CobalTech Provides Update on Merger With First Cobalt

TORONTO, ON--(Marketwired - October 26, 2017) -

THIS NEWS RELEASE IS NOT FOR DISTRIBUTION TO U.S. NEWSWIRE SERVICES FOR DISSEMINATION IN THE UNITED STATES

COBALTECH MINING INC. (TSX VENTURE: CSK) (the"Company"or"CobalTech"), is pleased to announce that the Information Circular and related proxy materials for the previously announced merger with First Cobalt Corporation ("First Cobalt") (TSX VENTURE: FCC) (OTC: FTSSF) have been mailed to shareholders.
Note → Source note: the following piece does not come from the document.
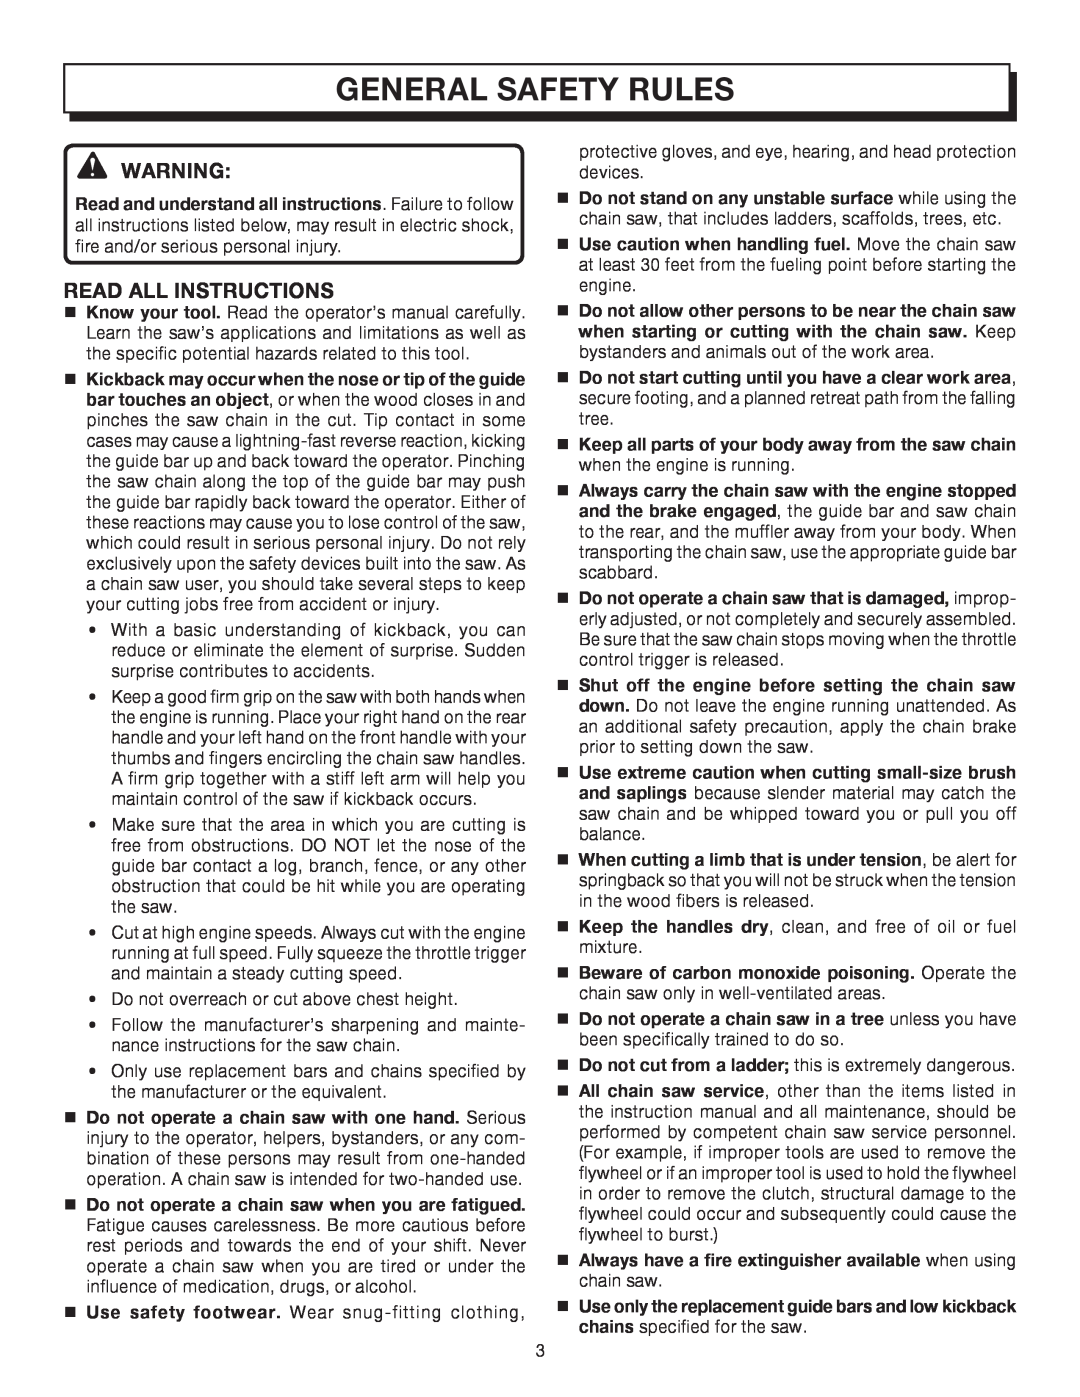 Homelite UT10032, UT10512, UT10012 manual General Safety Rules, Read All Instructions

Under the terms of the Arrangement, CobalTech will receive 0.2632 of a First Cobalt common share for each CobalTech common share (a "CobalTech Share"), representing the equivalent of $0.20 per CobalTech Share.

Under the terms of the Arrangement, consent must be obtained from registered shareholders and voting material has been mailed for the vote scheduled for November 21st, 2017. Shareholders of record as of September 22, 2017 will be entitled to vote at the meeting.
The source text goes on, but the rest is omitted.